Bookmarks for February 11, 2010
- Boris Johnson is waging war on our city’s subversive south | News
All true Londoners have a south London past. There they experienced their first flat, their first date, their first taste of city life, with nothing too exotic. They dallied in Clapham, flirted with Dulwich, tested their mortgage muscle on Stockwell. (I lived awhile in Upper Norwood.) South London is the kind of place, as was said of George Bush, that “reminds every woman of her first husband”.
Bookmarks for January 20, 2010
- Auto-appendectomy in the Antarctic: case report — Rogozov and Bermel 339: b4965 — BMJ
Ever wondered what it would be like to perform surgery on yourself? No? Why not? Well, anyway: here's a description of what it's like to have to give yourself an appendectomy. In the Antarctic. With next to no help.
- A Rant About Women « Clay Shirky
Clay Shirky opens up a serious can of worms, noting that women do not push themselves forward in the way men do. Part of me wants to say "well, *duh*". Shirky suggests that if women behaved in a more self-aggrandising manner, they'd get more equal treatment.
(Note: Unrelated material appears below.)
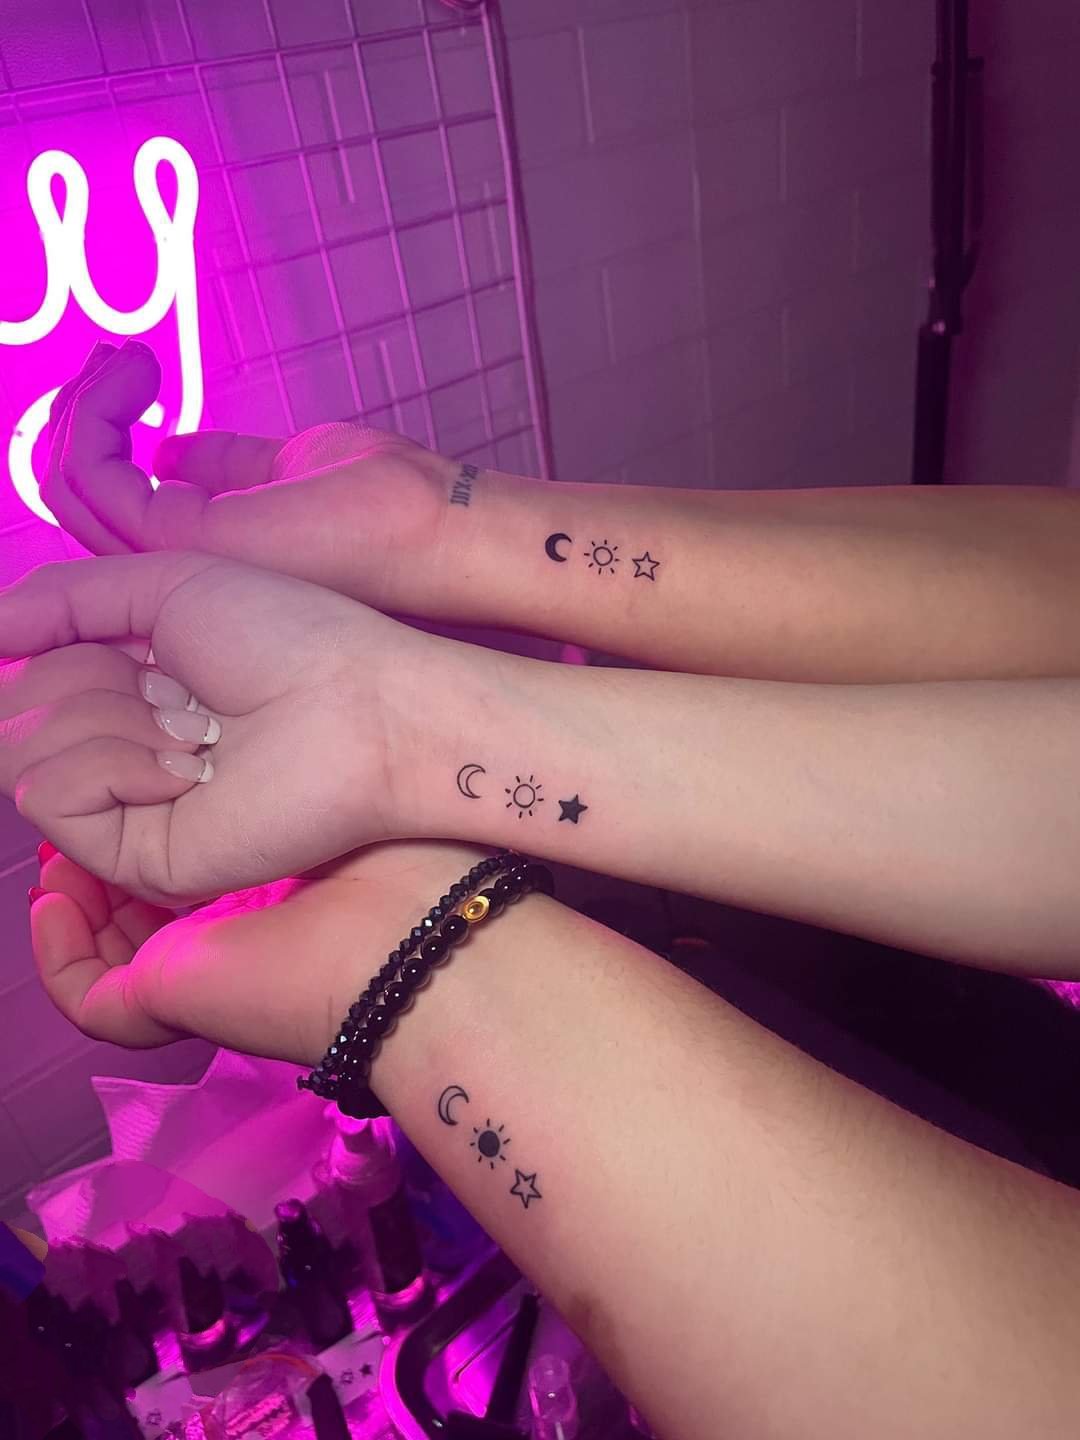 22 Amazing Matching Tattoos to Get With Your Best Friend  Friendship  tattoos Matching tattoos Small bff tattoos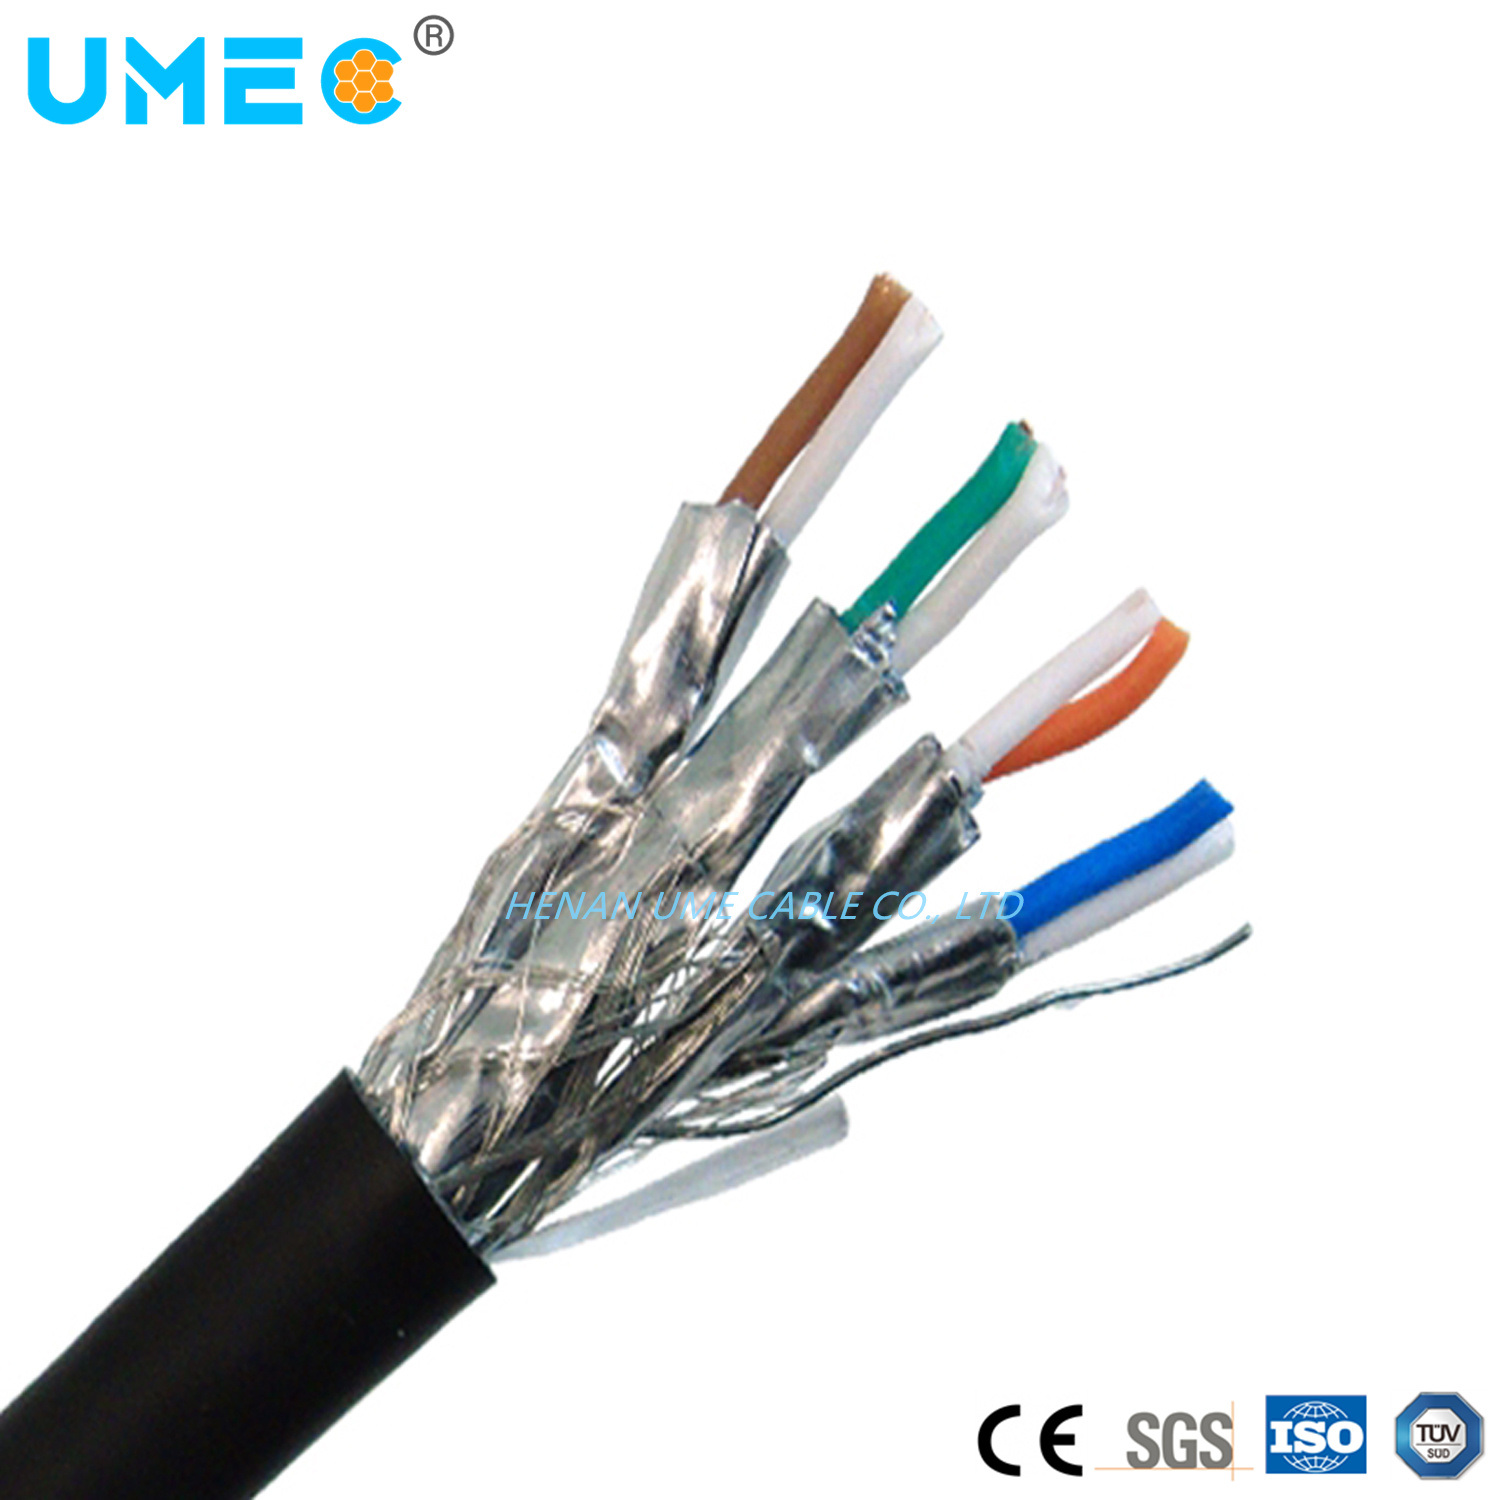 24 12 Pairs 1.5mm2 Double Shielded Twisted Pair Computer Cable Armoured Overall Screen Instrument Cable

I'm just not sure that I want to encourage any more people to behave like some of the self-promoting male pricks I've met.
- plasticbag.org: Should we encourage self-promotion and lies?
Tom Coates identifies some of the problems with what Shirky is suggesting – the problem isn't just that women don't push themselves forward, but often that the wrong people do, and what we should be focusing on is ensuring that everyone correctly advertises their own level of experience and ability – that those that *do* self-promote heavily while they can be useful, can just as often be a total pain.
- apophenia: whose voice do you hear? gender issues and success
Danah Boyd's repose to Shirky and Coates is excellent reading.
- Mass Photo Gathering – I'm a Photographer, not a Terrorist
Trafalgar Square at noon on Saturday. Anyone interested?